Return the stretch from the line with "German Chancellor Angela" through the line with "Why Small Businesses" in the data below, character for character, skipping all pictures.

##### Records to use #####

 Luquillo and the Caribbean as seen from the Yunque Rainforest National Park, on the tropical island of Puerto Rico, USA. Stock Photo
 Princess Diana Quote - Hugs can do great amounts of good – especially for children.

#####
##### Records to use #####

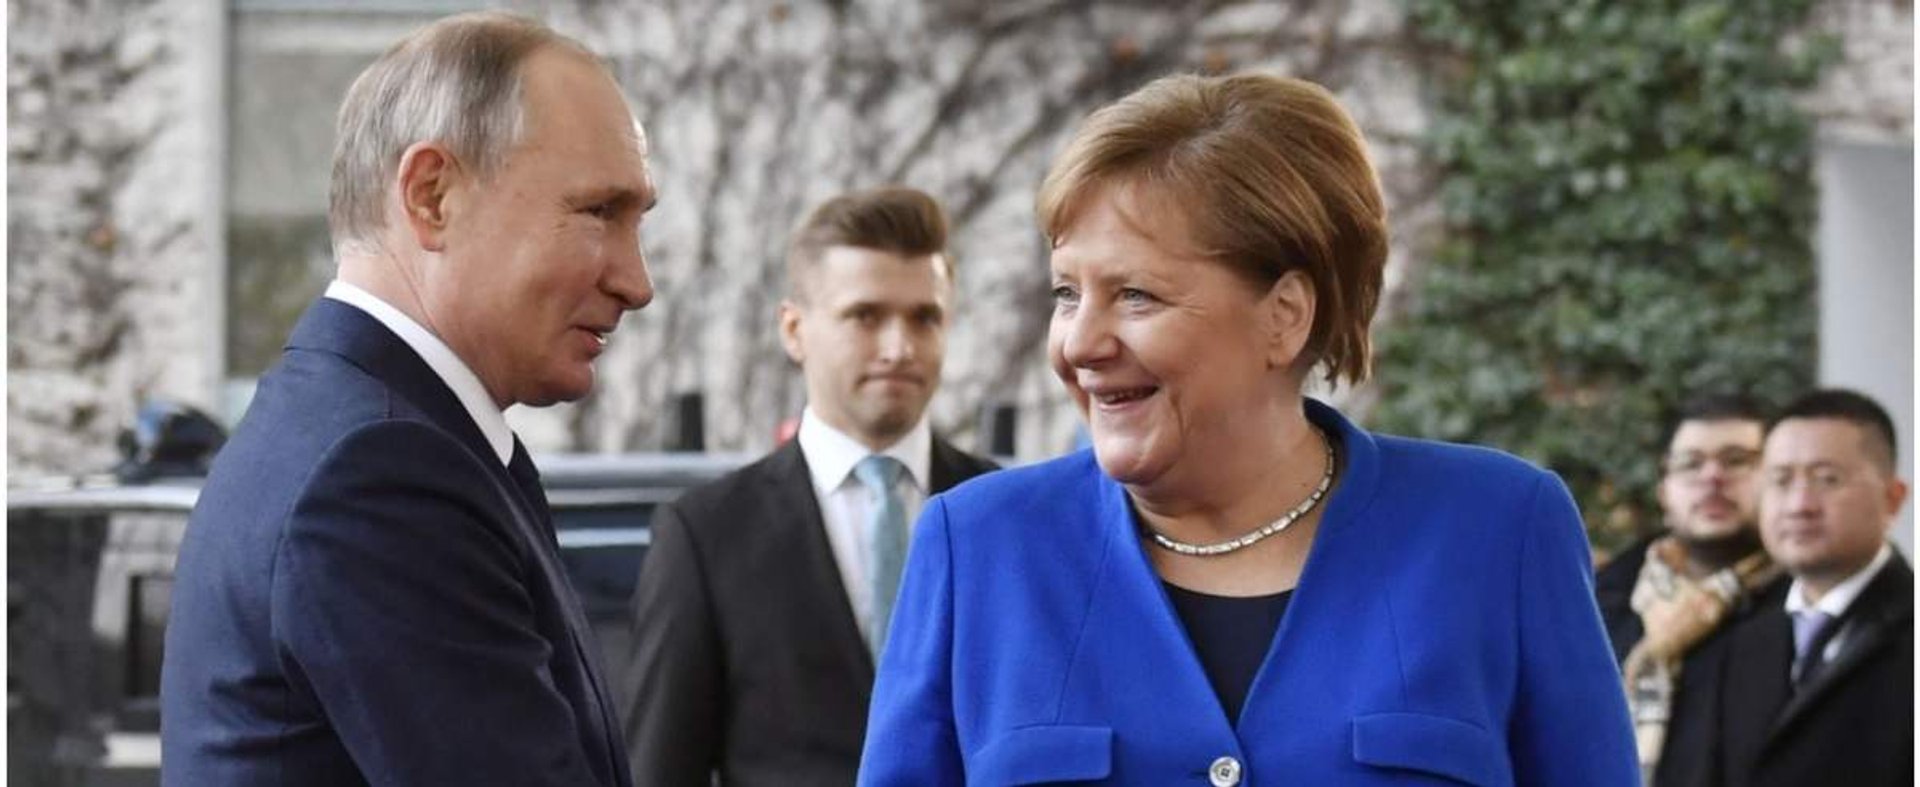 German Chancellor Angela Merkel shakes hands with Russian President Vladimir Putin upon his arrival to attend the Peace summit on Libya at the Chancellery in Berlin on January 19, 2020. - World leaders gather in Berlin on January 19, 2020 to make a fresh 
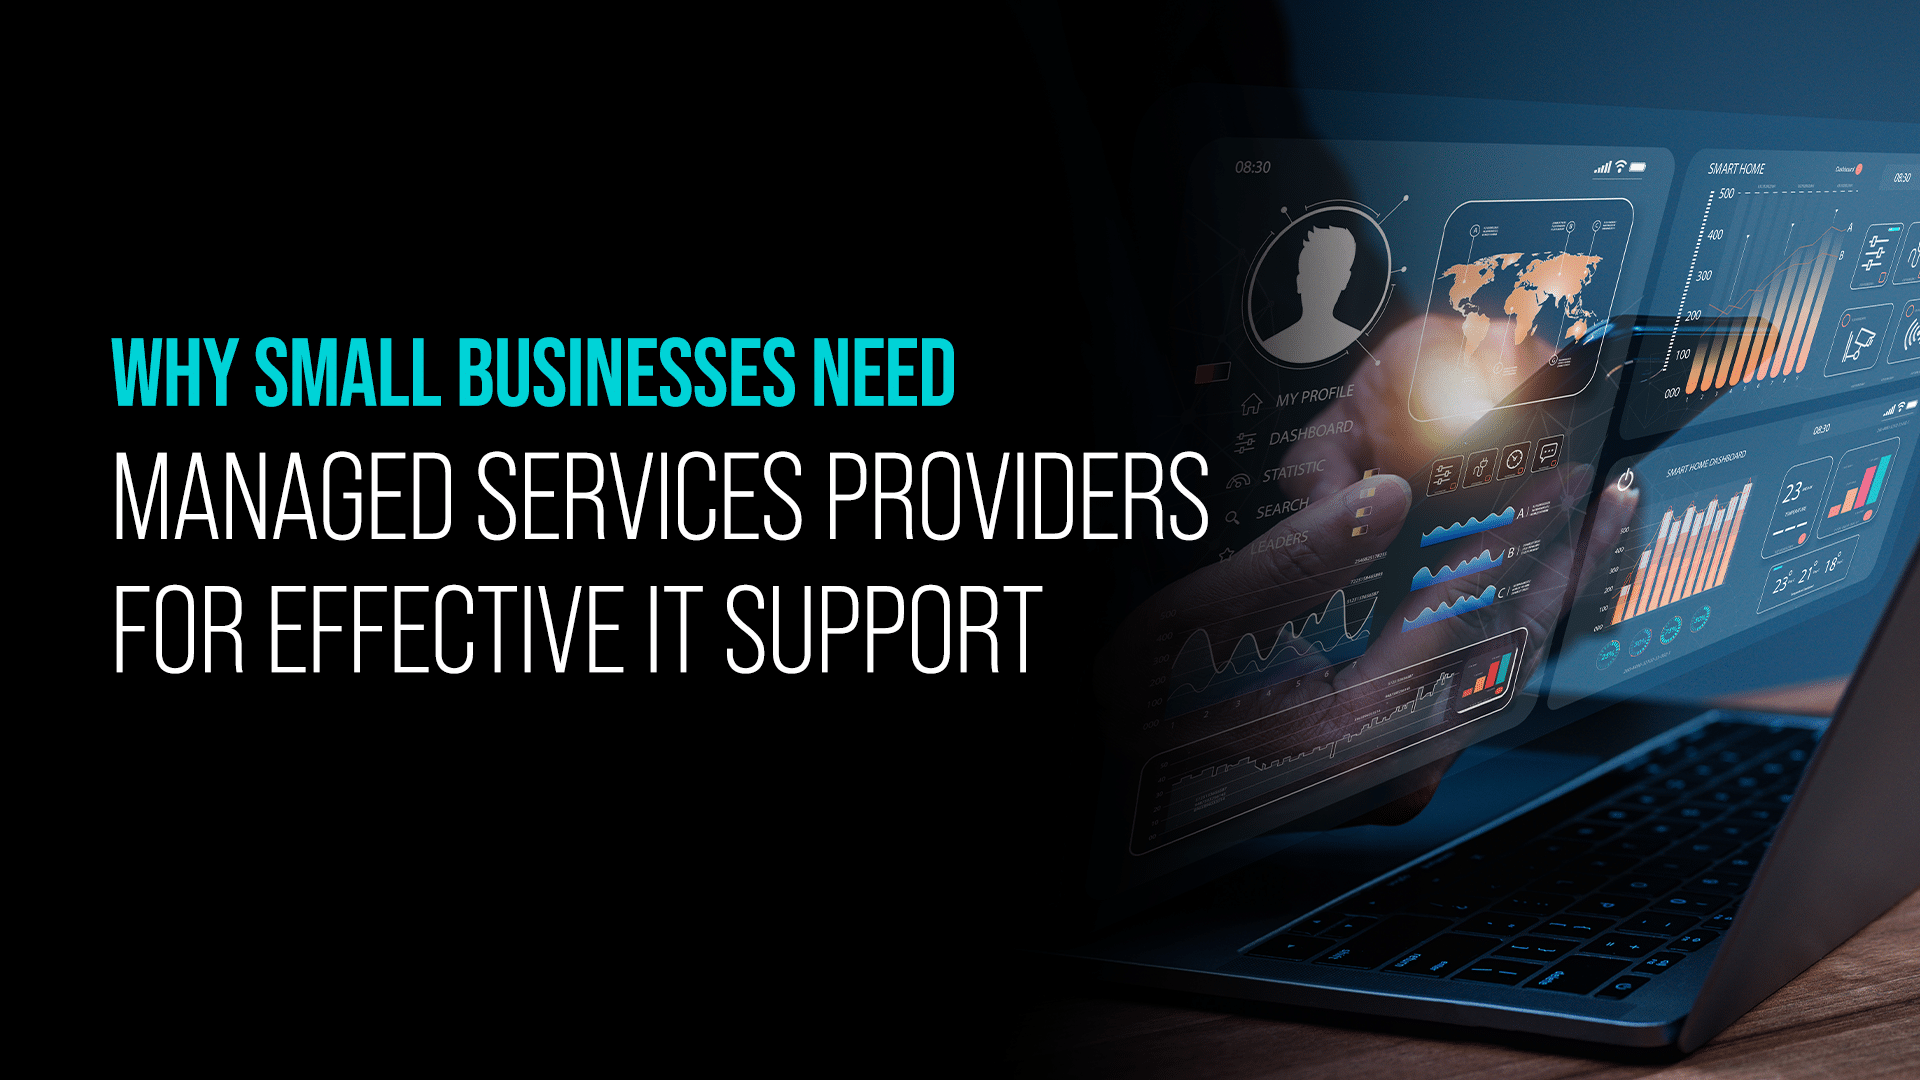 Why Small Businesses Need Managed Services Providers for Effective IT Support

#####

■ Solved problem ■
 German Chancellor Angela Merkel shakes hands with Russian President Vladimir Putin upon his arrival to attend the Peace summit on Libya at the Chancellery in Berlin on January 19, 2020. - World leaders gather in Berlin on January 19, 2020 to make a fresh 
 Why Small Businesses Need Managed Services Providers for Effective IT Support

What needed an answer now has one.